:: Records for the task

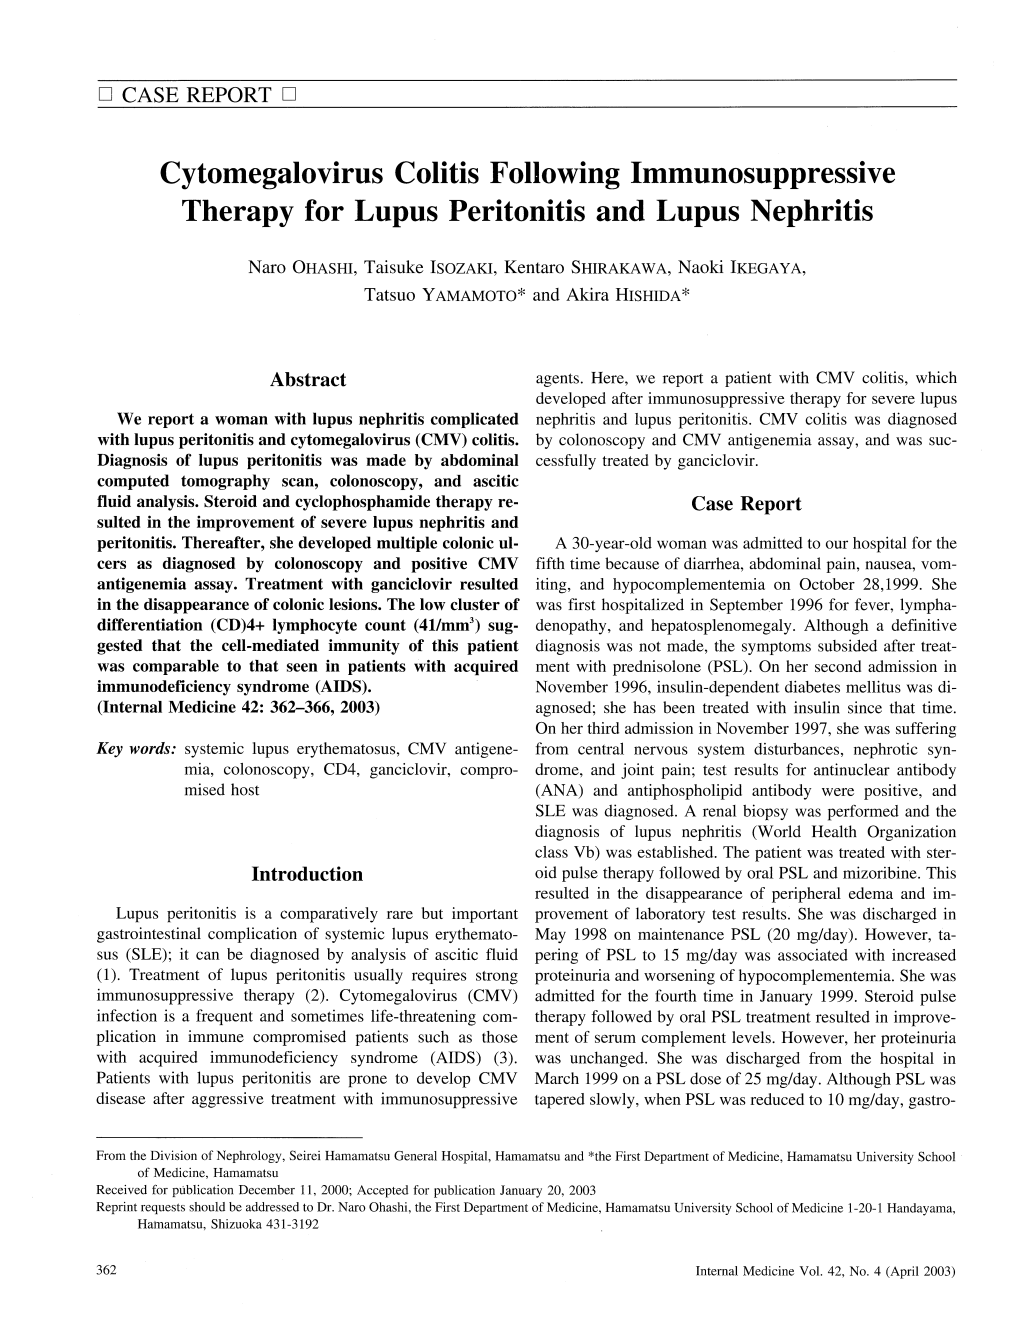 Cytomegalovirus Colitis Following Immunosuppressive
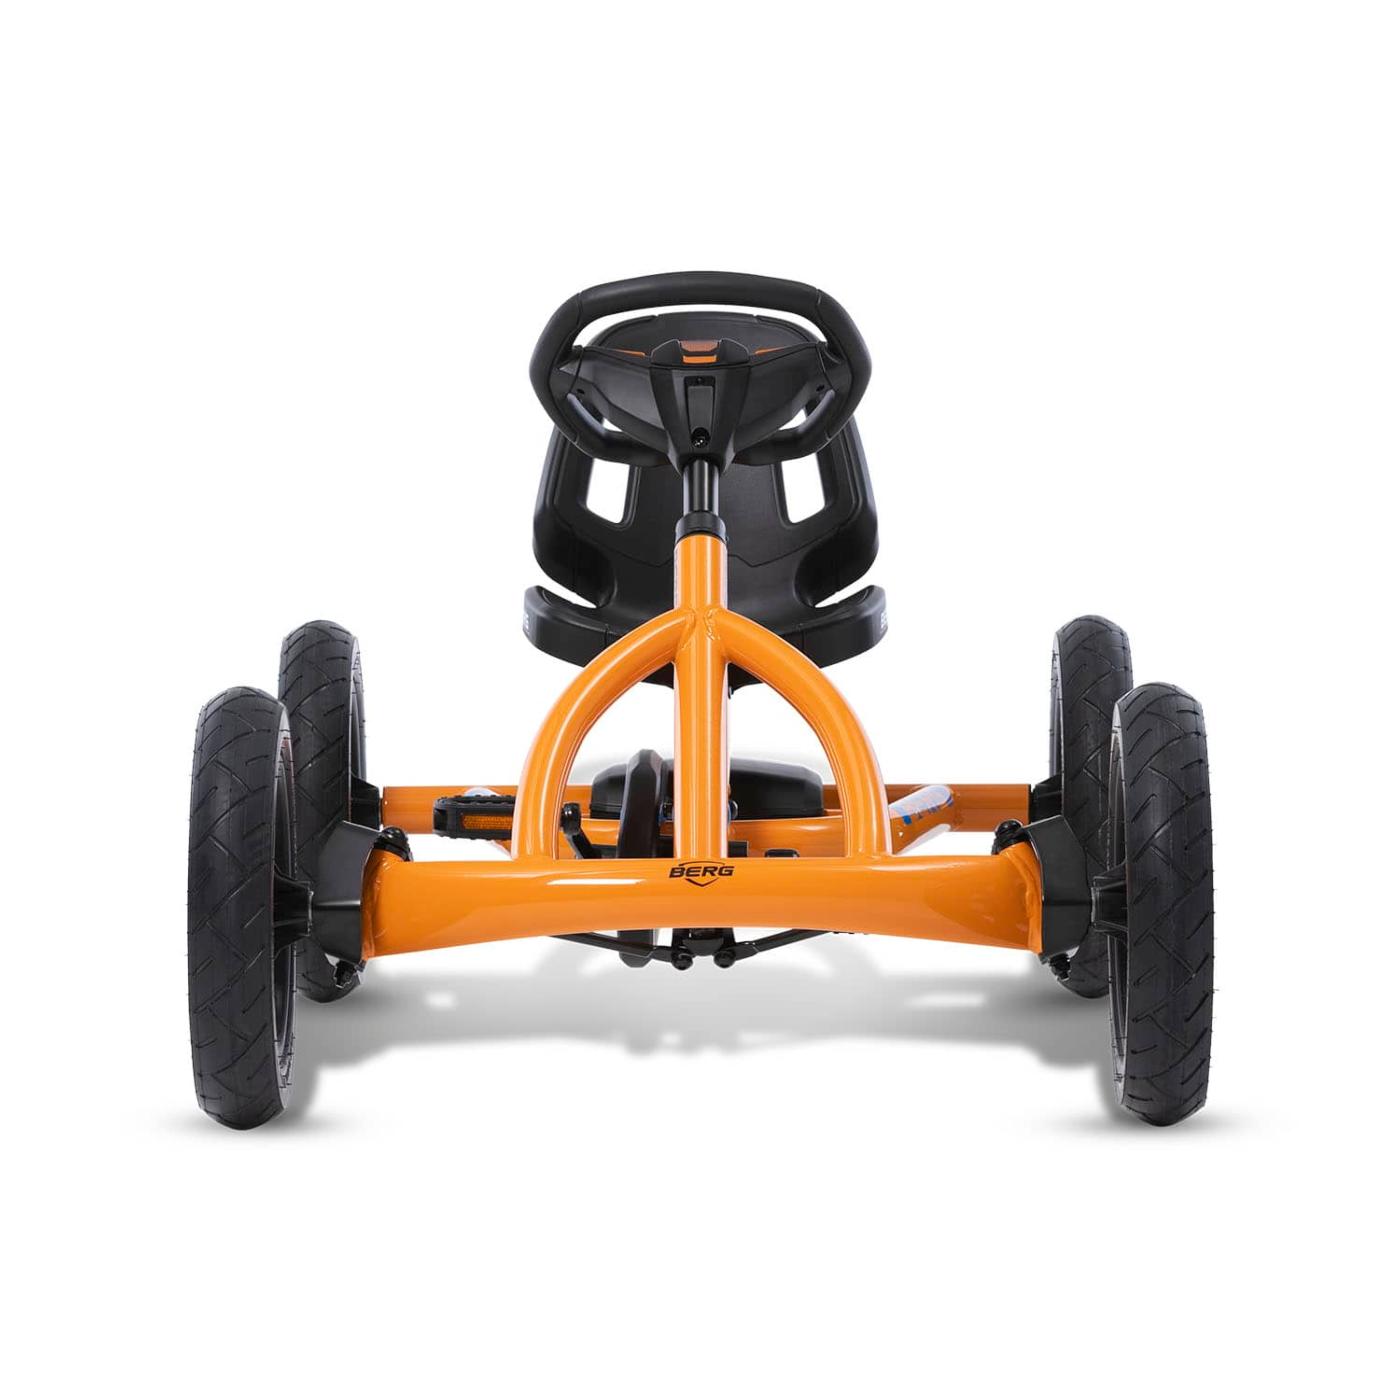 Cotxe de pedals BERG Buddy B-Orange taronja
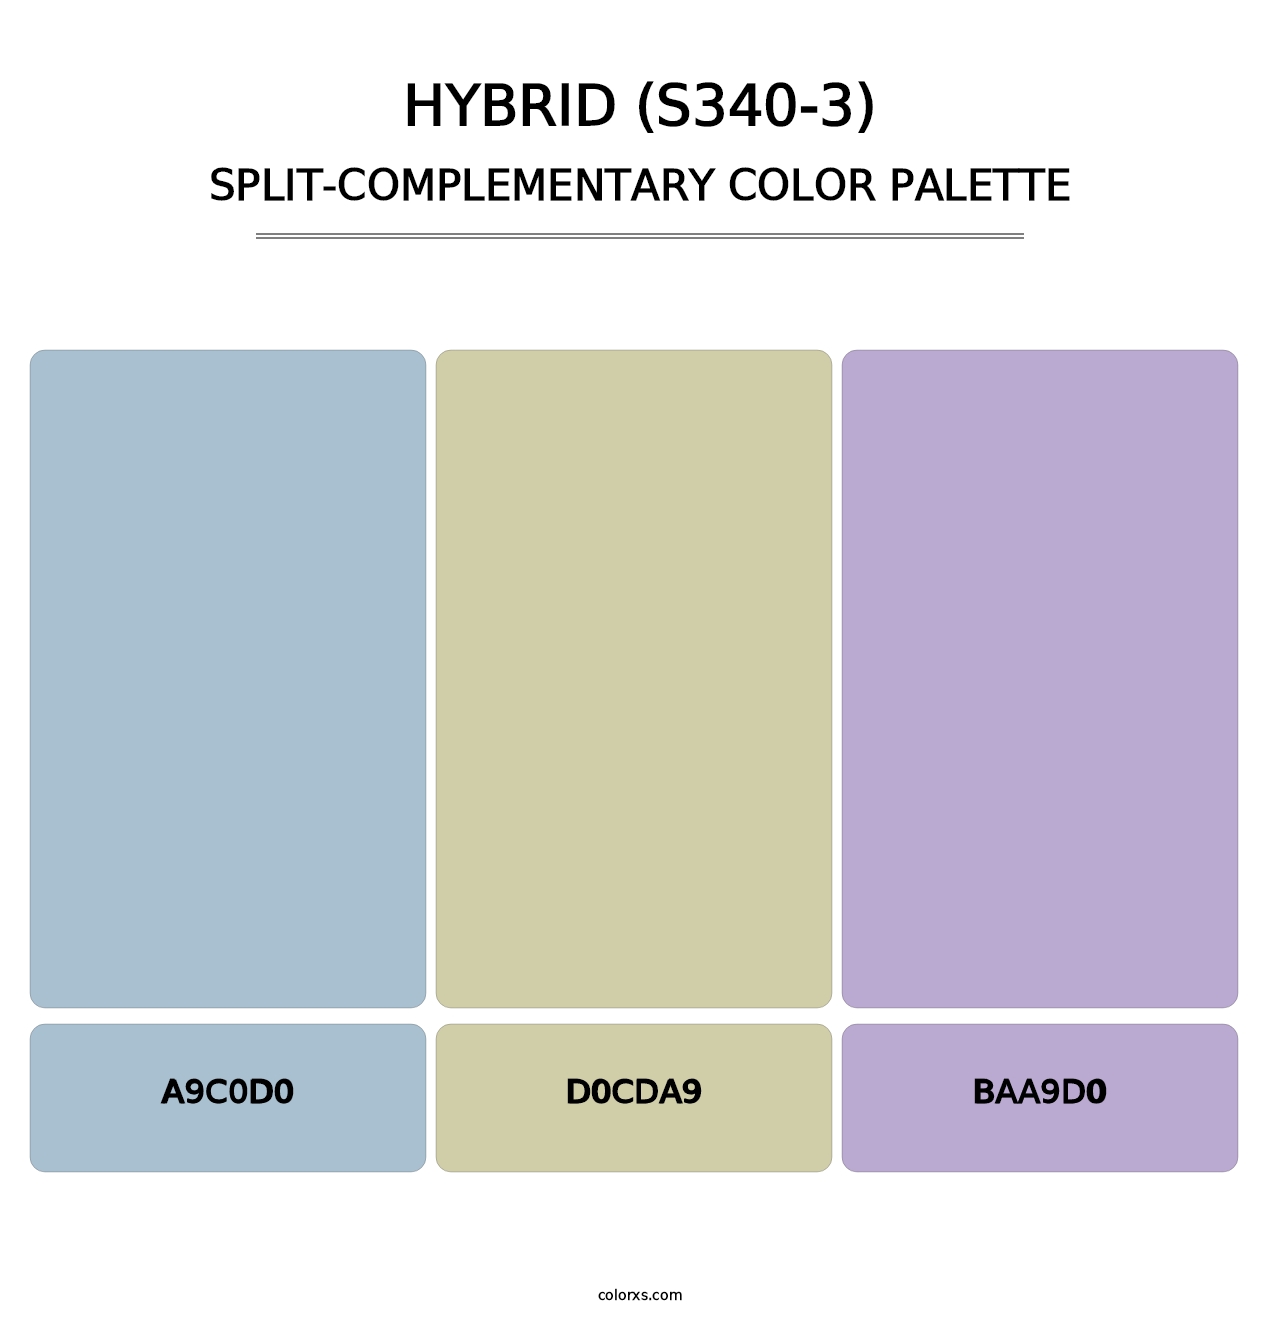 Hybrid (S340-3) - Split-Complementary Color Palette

::::
:: Records for the task

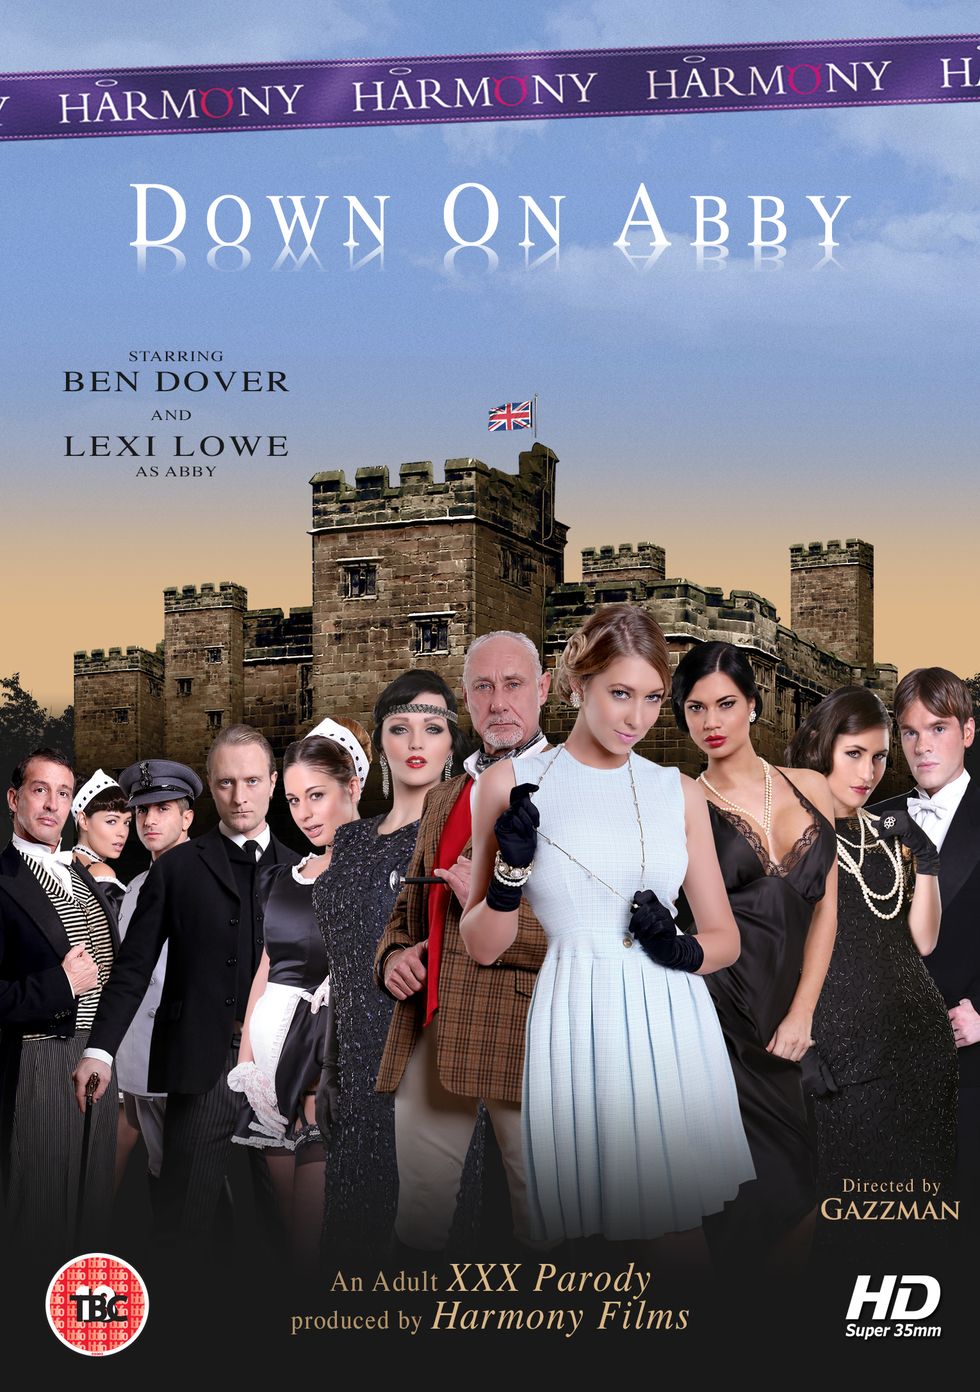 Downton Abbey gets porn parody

::::
:: Records for the task

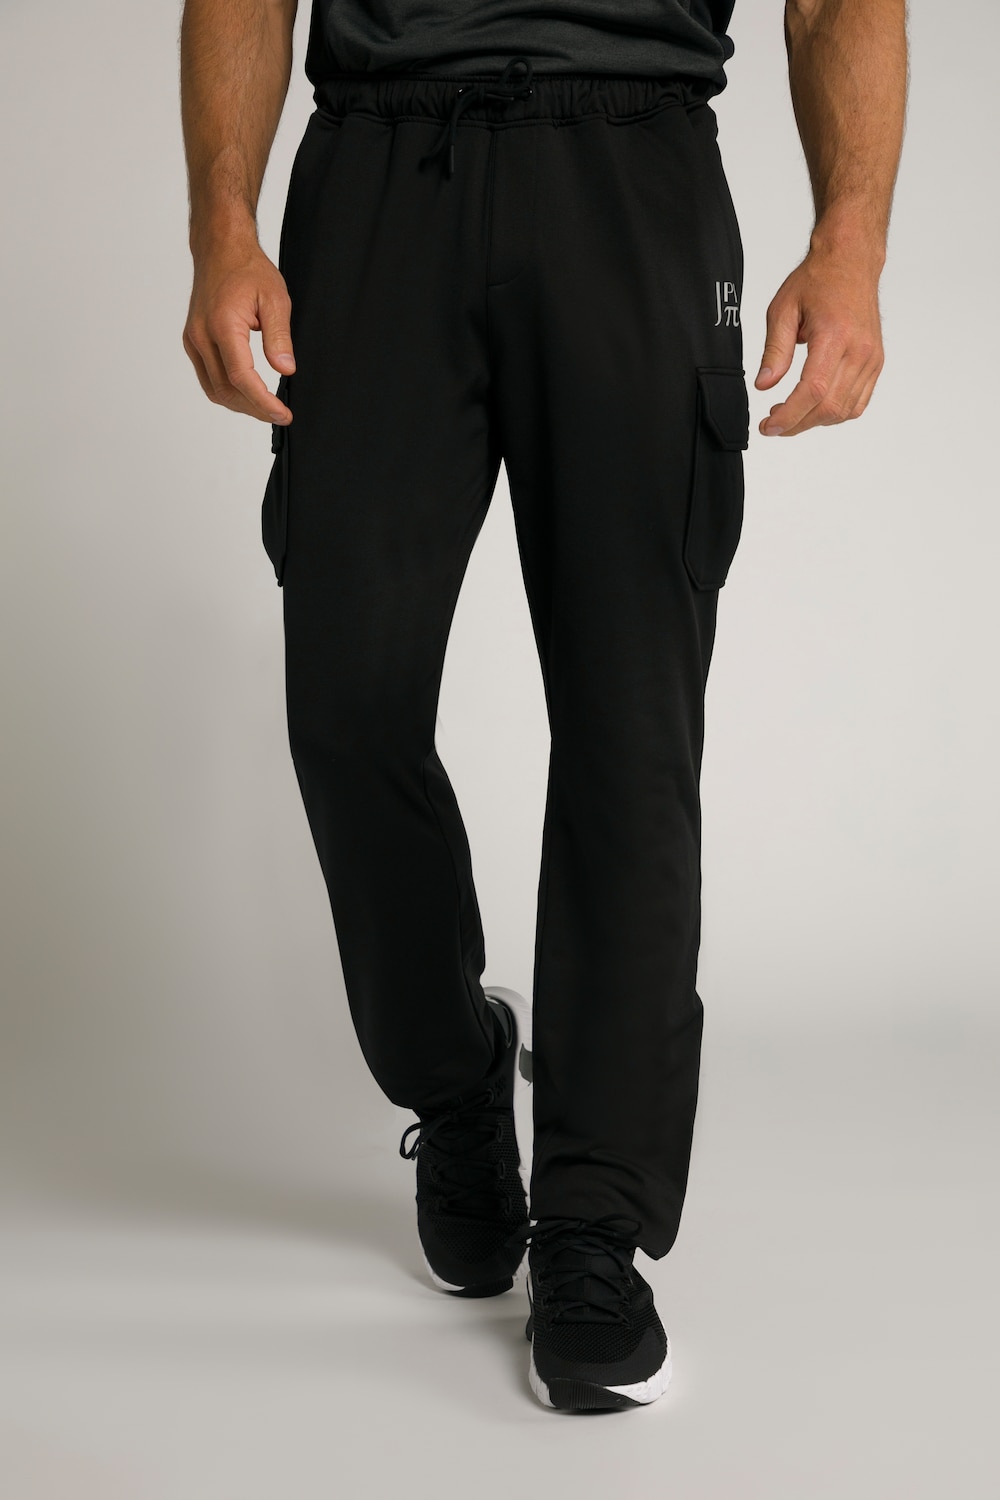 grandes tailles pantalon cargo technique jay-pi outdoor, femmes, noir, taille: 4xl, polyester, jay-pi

::::

Beginning with the line that contains "Cotxe de pedals BERG Buddy B-Orange taronja", write out the lines of the material above exactly, and end with the line that contains "Hybrid (S340-3) - Split-Complementary". Omit the pictures.

 Cotxe de pedals BERG Buddy B-Orange taronja
 Hybrid (S340-3) - Split-Complementary Color Palette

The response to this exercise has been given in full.